A parte il fatto che sembra una costante nel mondo politico statunitense queste grandi tragedie che si compiono in presenza di incredibili lacune, omissioni, casi fortuiti, fallimenti di mastodontici apparati nel campo dell’”intelligence”, della difesa aerea ecc. , che però permettono poi una politica che mai prima avrebbe avuto un consenso ( L’attacco giapponese alle Haway del 1941 sembra ricalcare nelle sue linee essenziali, in termini di “assurdità” quello alle Due Torri del 2001.) rimane il dato centrale che questi attacchi terroristici hanno dato la stura a questa “missione divina” nel mondo degli Usa.
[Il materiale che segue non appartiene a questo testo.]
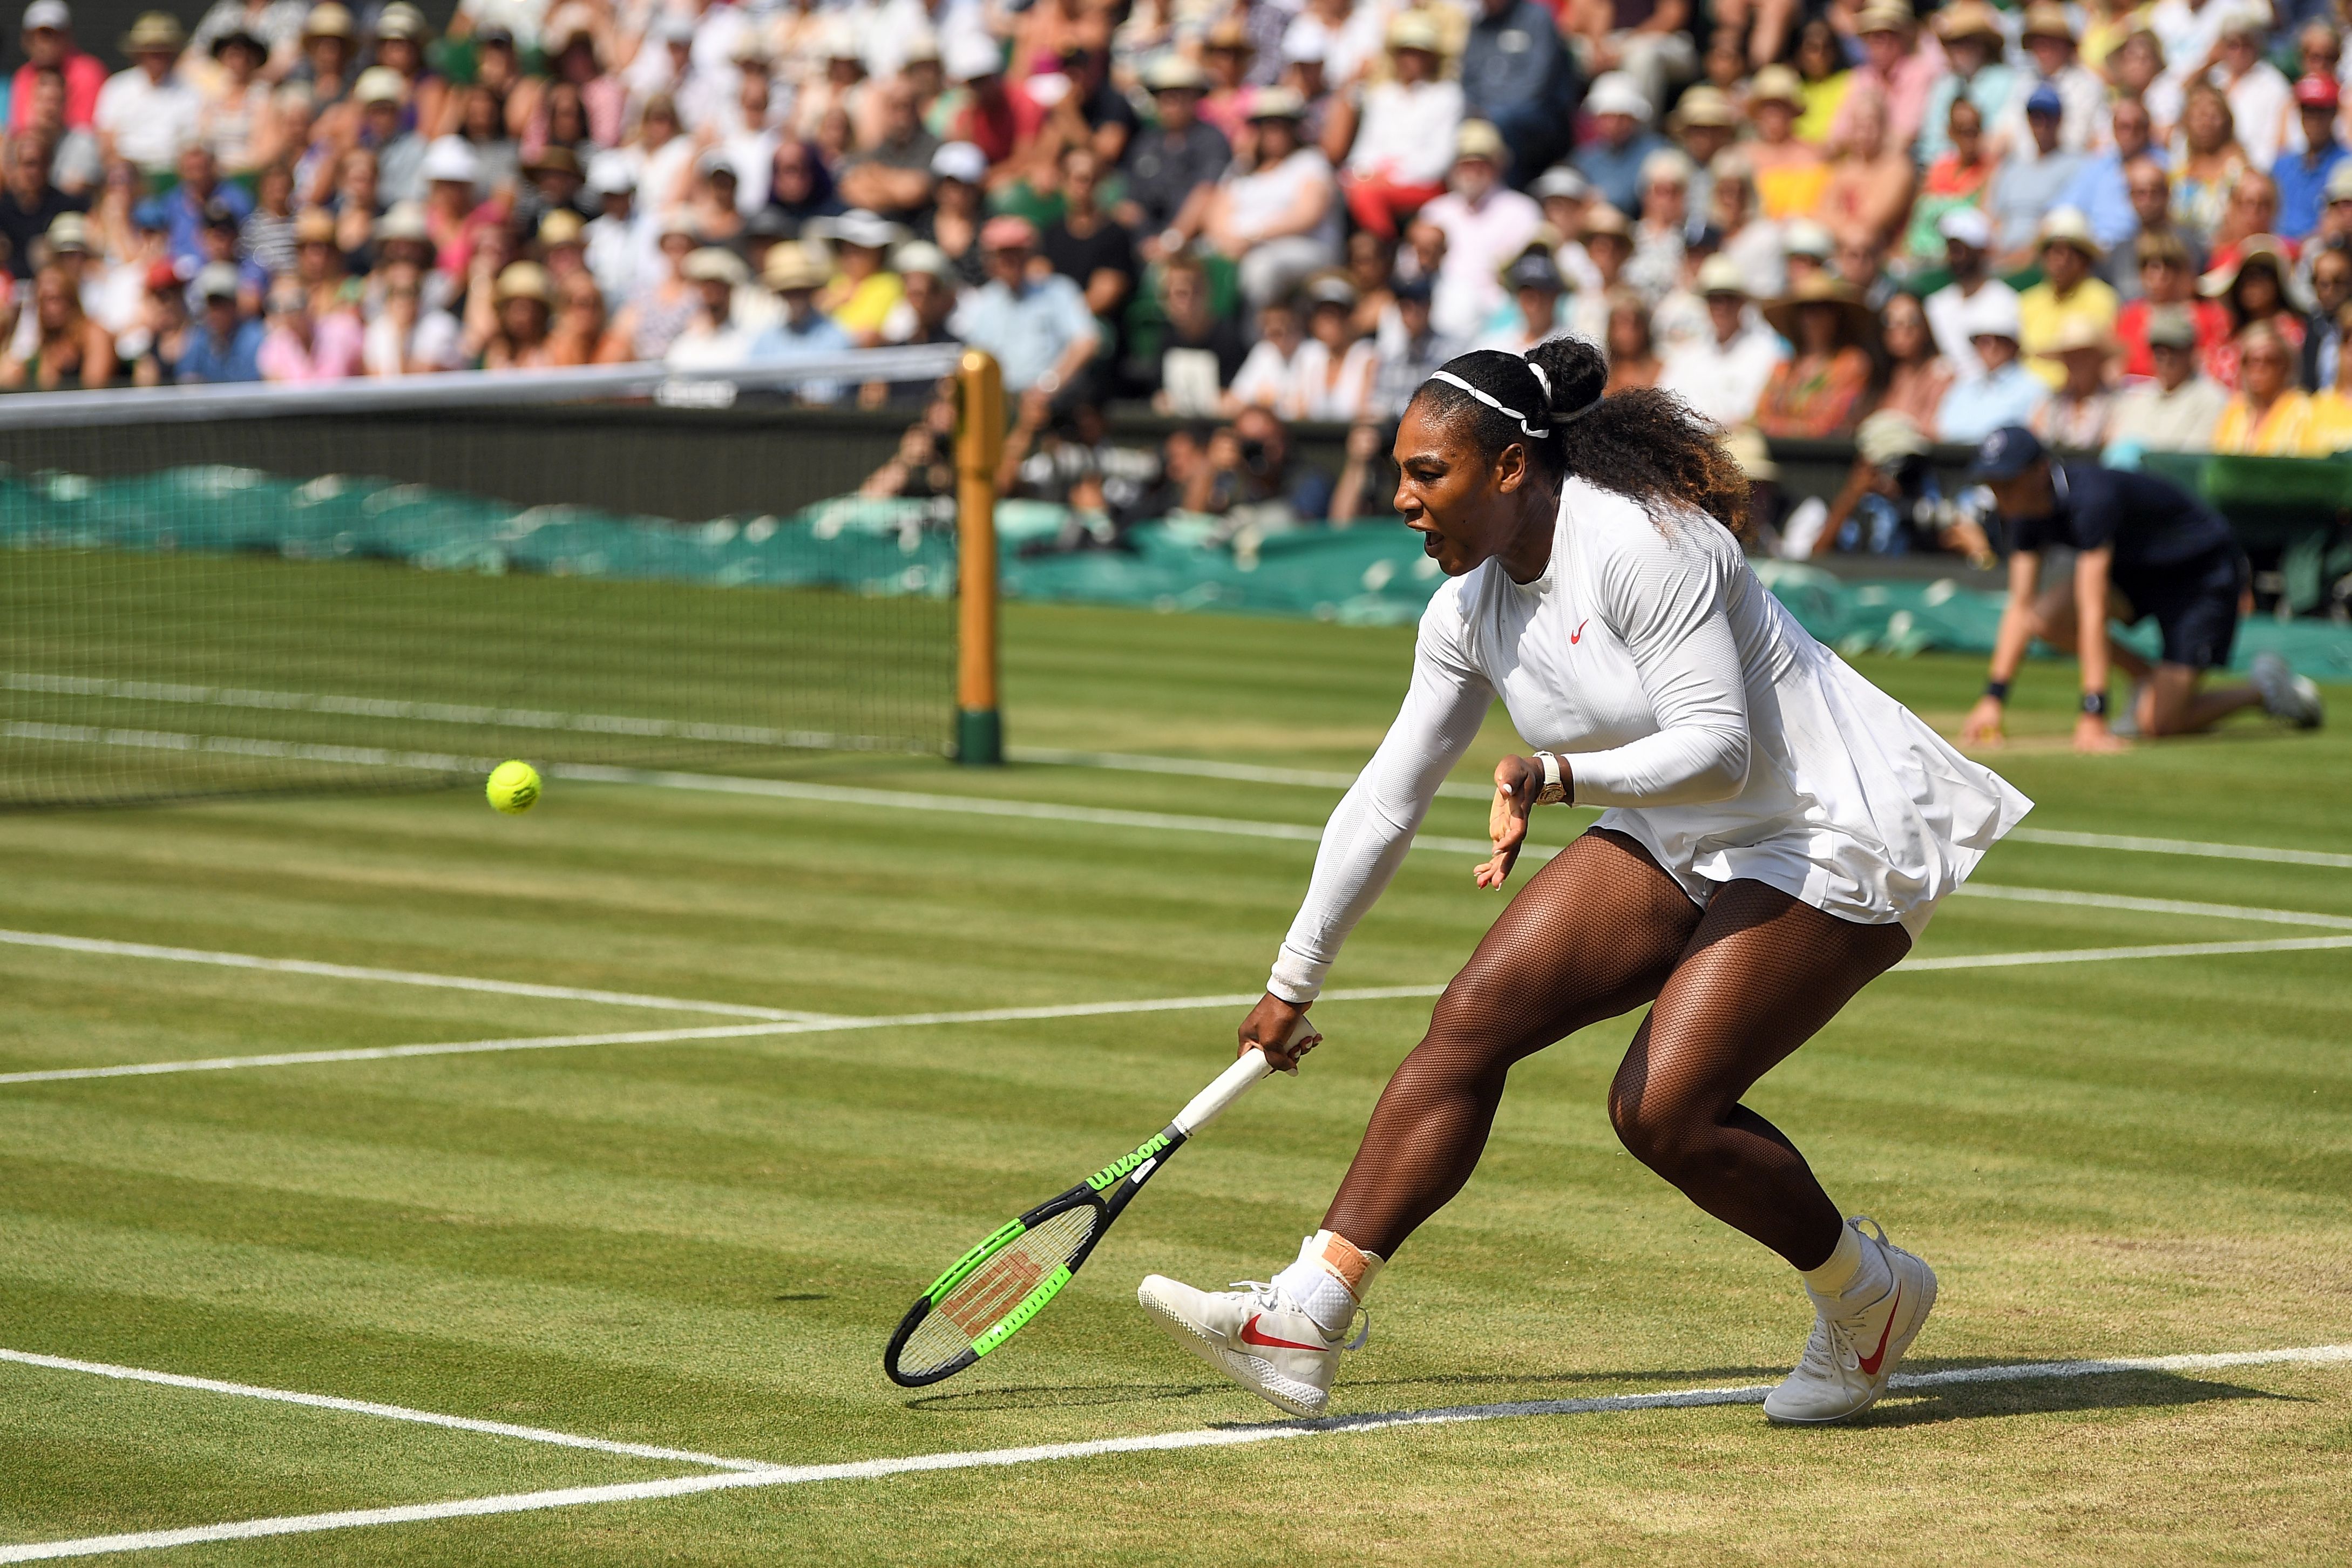 How to Watch Serena Williams in the 2018 Wimbledon Womens Singles Final for Free Online

Una Presidenza che fino all’agosto del 2001 era presa poco sul serio un po’ da tutti, sia all’interno che all’estero, dal settembre 2001 si è ammantata di questo spirito messianico, ovvero il voler conseguire in tutto il mondo la libertà, la democrazia, il libero mercato generante la prosperità economica, la lotta ad ogni tipo di tirannia. Tutto intriso di spirito “ecclesiale”, religioso, in una costante atmosfera di crociata latente, come le crociate dei Papi di medioevale memoria, Gli Stati Uniti si propongono di raggiungere i loro obbiettivi con la persuasione, con pressioni di ogni tipo e natura e al limite con la forza , affinché il mondo possa godere della pace e della assenza di guerre e di povertà.
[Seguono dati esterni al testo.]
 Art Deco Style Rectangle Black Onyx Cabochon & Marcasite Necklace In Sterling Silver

L’Europa assiste a tutto questo spesso, come noi, senza capire. Ma il tempo ormai è tale che è chiaro che “la guerra al terrorismo” e tutto quello che viene dietro e solo un apripista a questo spirito “ecclesiale” che gli Stati Uniti covano ed anno in “nuce” fin dalla loro costituzione e con cui occorre ben fare i conti se non si vuole essere spiazzati o emarginati, o peggio, essere o impotenti o incapaci di fare la propria parte nelle cose del mondo.


  


[1] Cfr. Jean C., La grande strategia americana, in Bulletin Europeén, Anno 57, settembre 2006 n. 676, Edizione Italiana. Da questo scritto sono state tratte considerazioni per la presente nota, come dal Seminario di Studi Strategici, della 57 Sessione del Centro Alti Studi per la Difesa e dal dibattito avuto a seguito della presentazione della National Security Strategy 2006. Si  vuole ricordare in questa circostanza il Contrammiraglio Silvano Cannaruto, partecipe a queste  vicende culturali, prematuramente scomparso.